#### DATA BLOCK

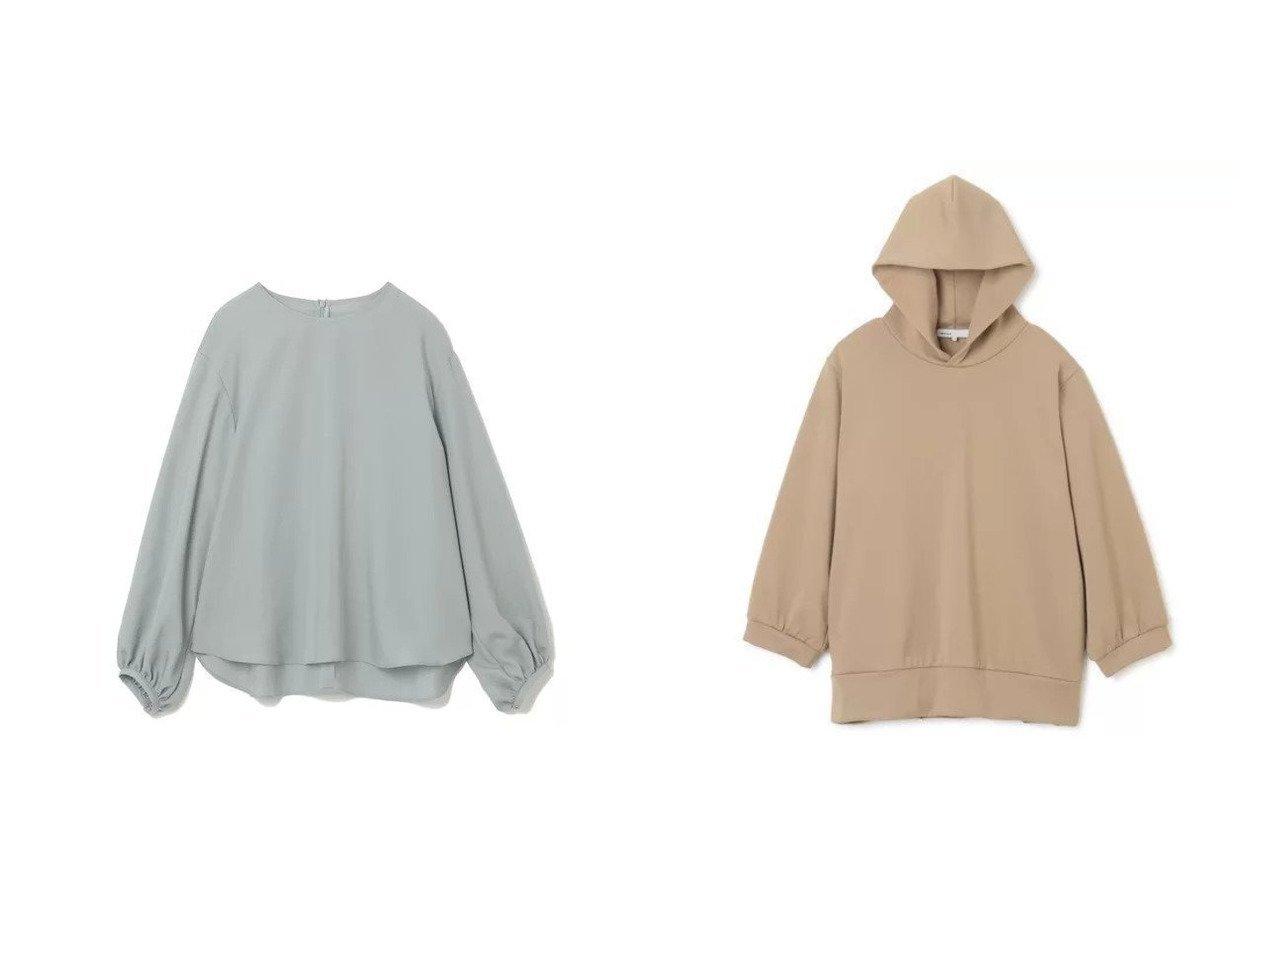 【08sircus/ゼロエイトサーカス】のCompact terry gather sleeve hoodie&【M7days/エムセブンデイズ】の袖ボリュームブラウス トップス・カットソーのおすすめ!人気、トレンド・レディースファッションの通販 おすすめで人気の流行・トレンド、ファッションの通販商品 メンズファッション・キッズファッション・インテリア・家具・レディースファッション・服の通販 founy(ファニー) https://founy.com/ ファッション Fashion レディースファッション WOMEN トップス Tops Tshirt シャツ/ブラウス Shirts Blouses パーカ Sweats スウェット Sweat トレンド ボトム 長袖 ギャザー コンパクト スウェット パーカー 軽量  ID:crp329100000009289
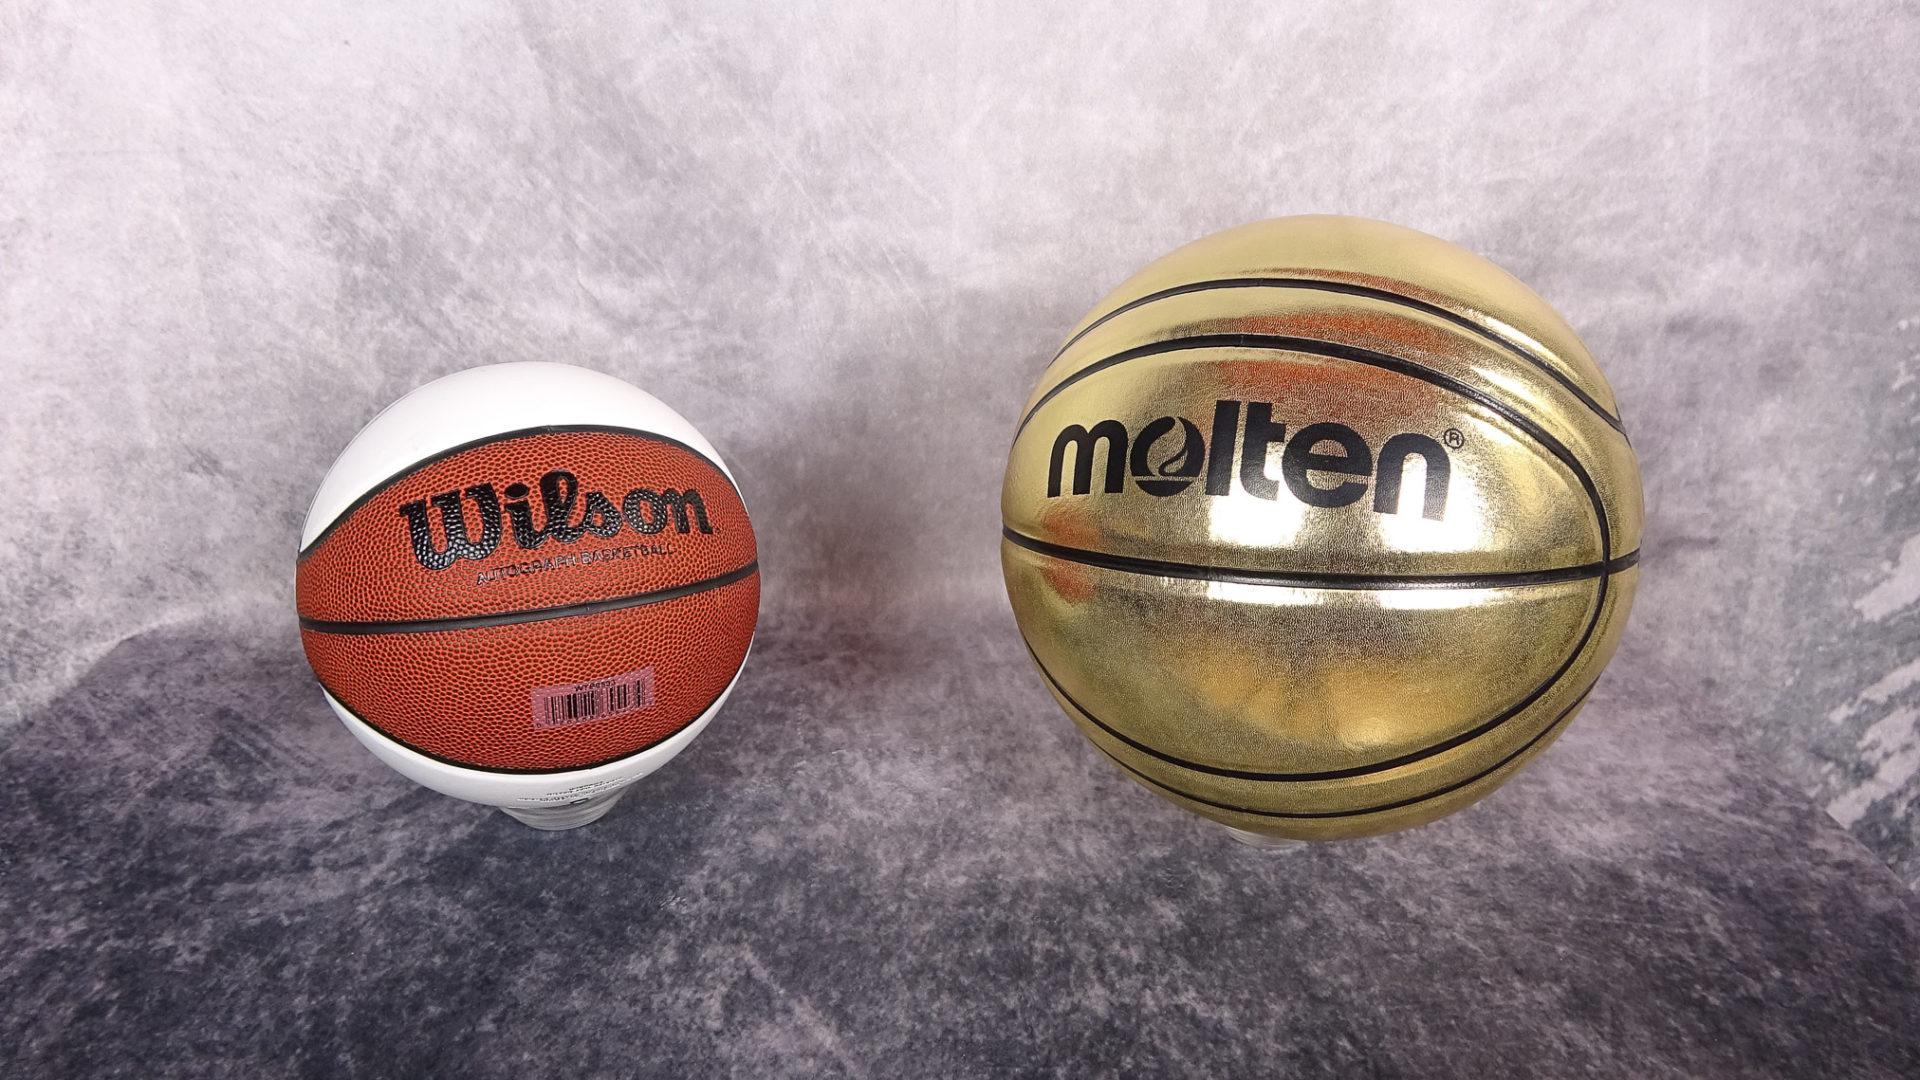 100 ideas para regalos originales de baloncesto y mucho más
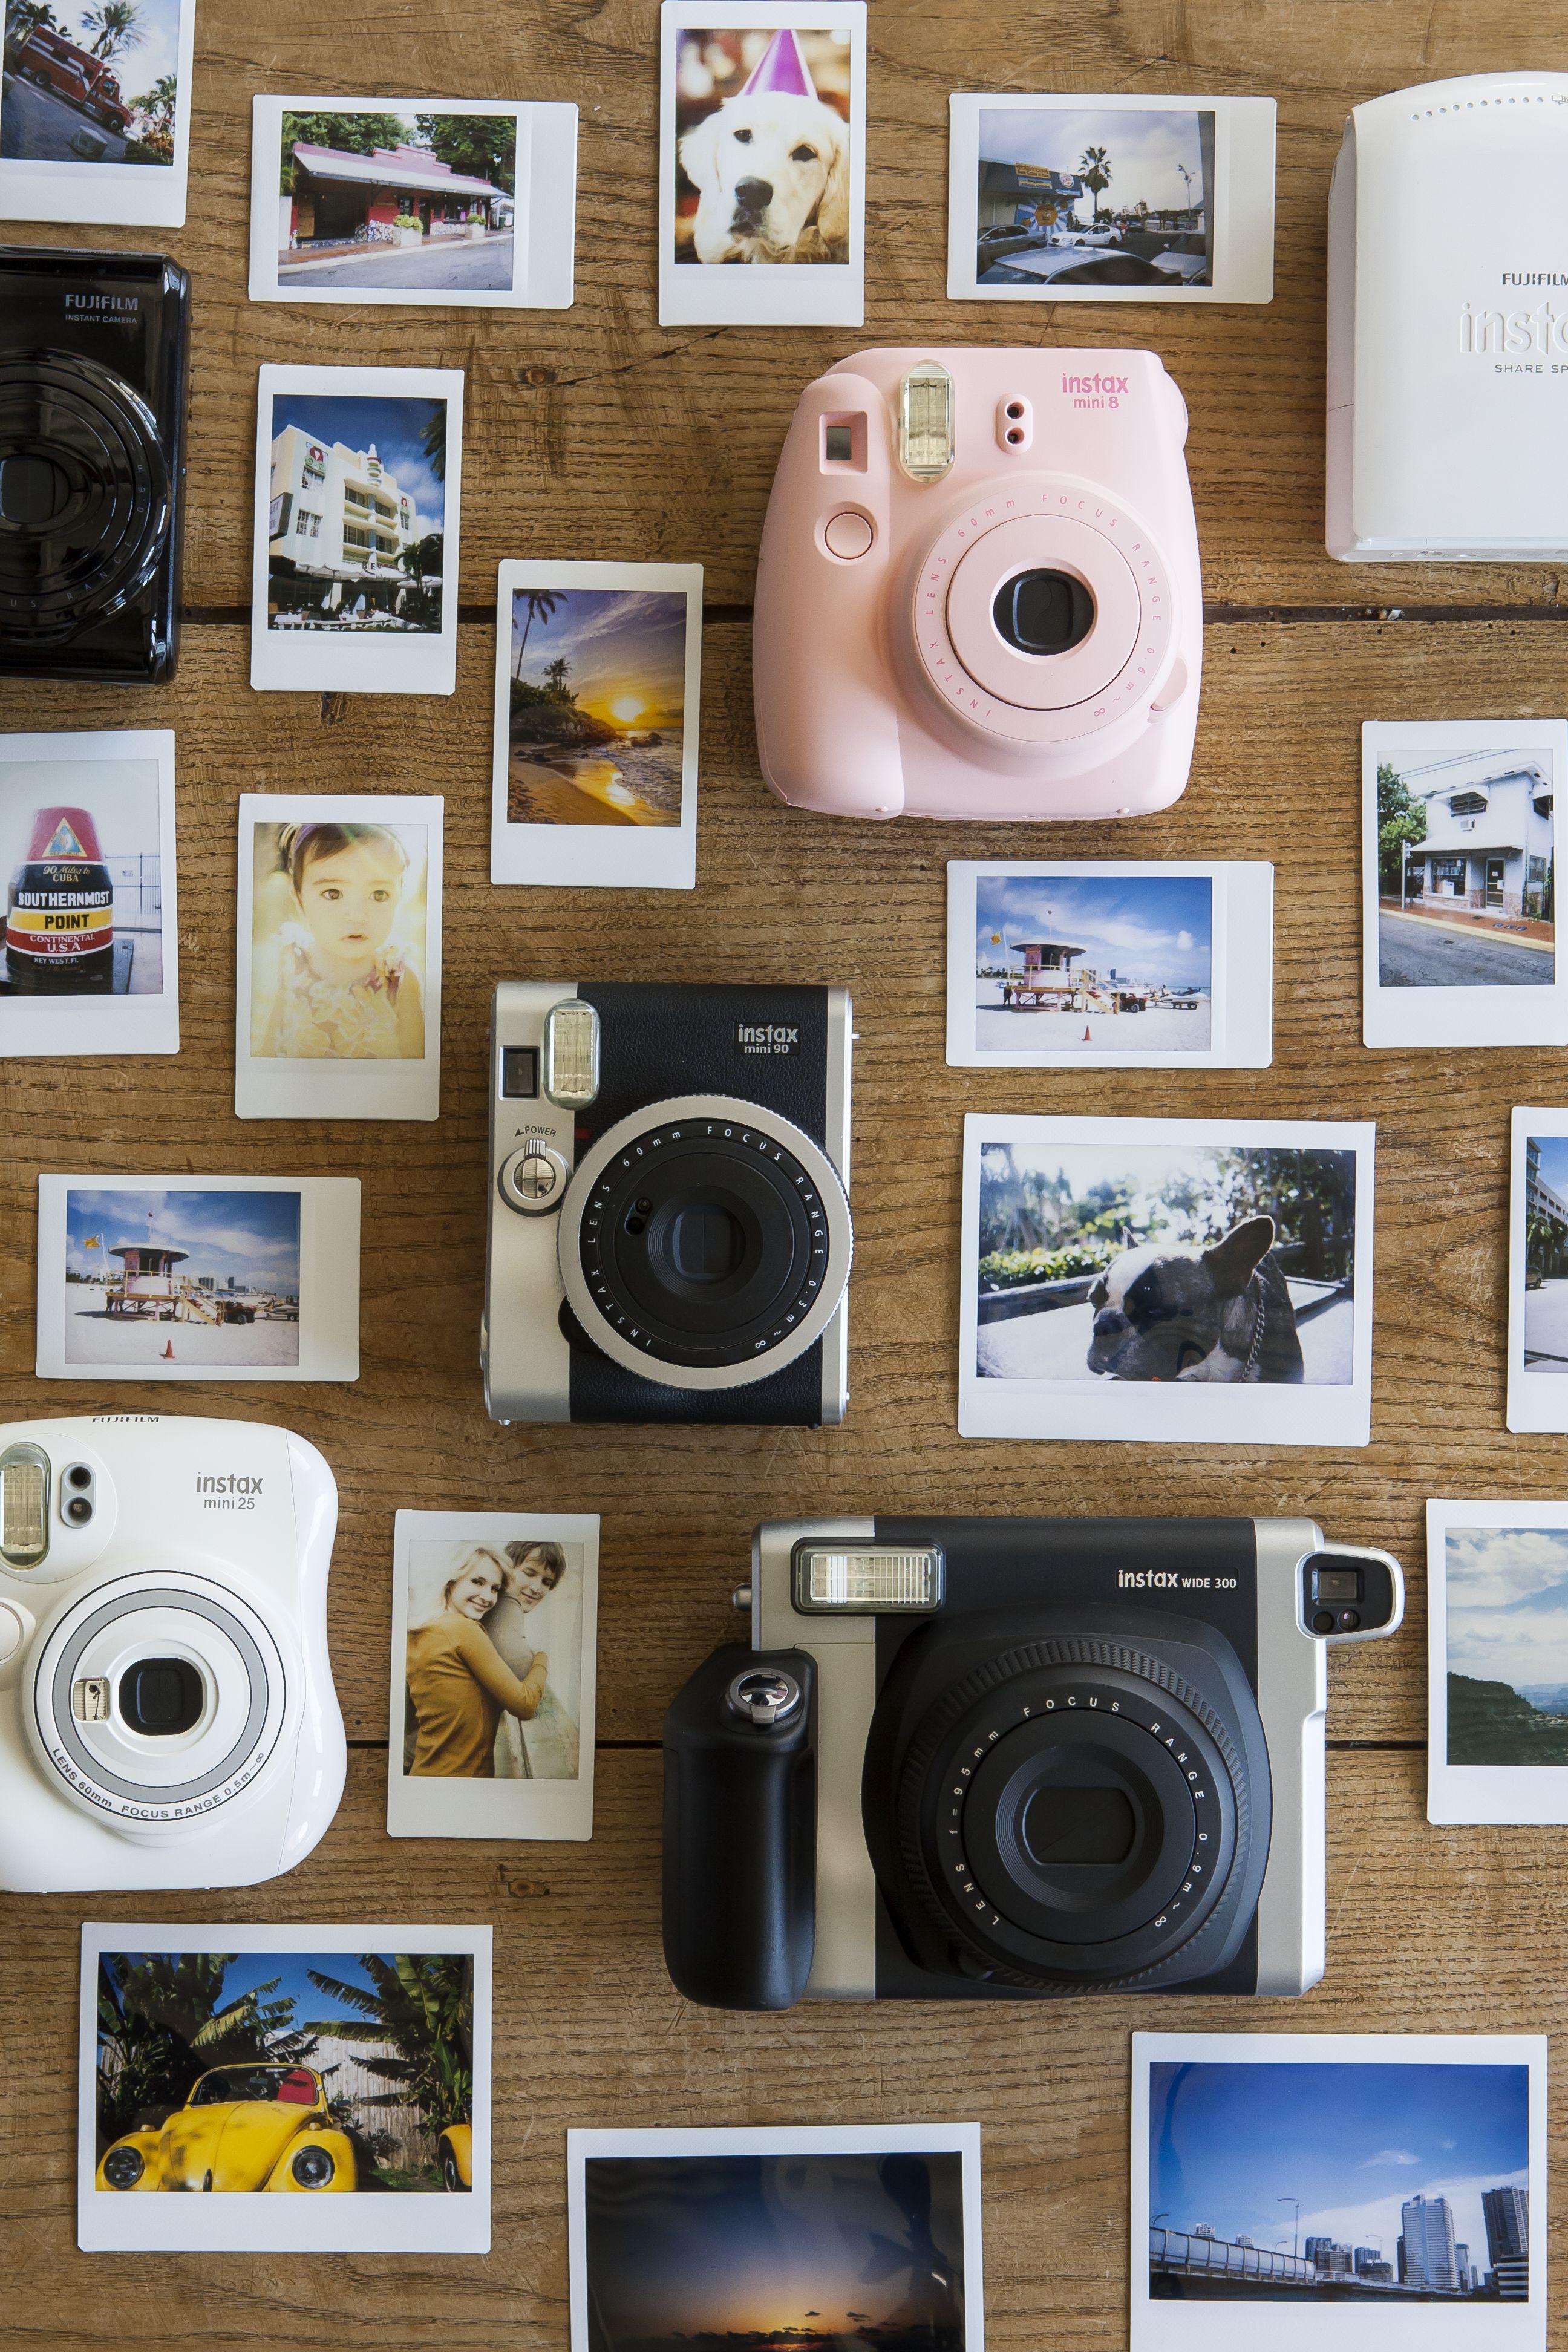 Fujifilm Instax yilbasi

########

TO DO: Nothing but the lines from the one with "100 ideas para" through the last line of the material above should appear in the answer, each copied exactly, with no pictures.

RESPONSE TO THE TASK:
 100 ideas para regalos originales de baloncesto y mucho más
 Fujifilm Instax yilbasi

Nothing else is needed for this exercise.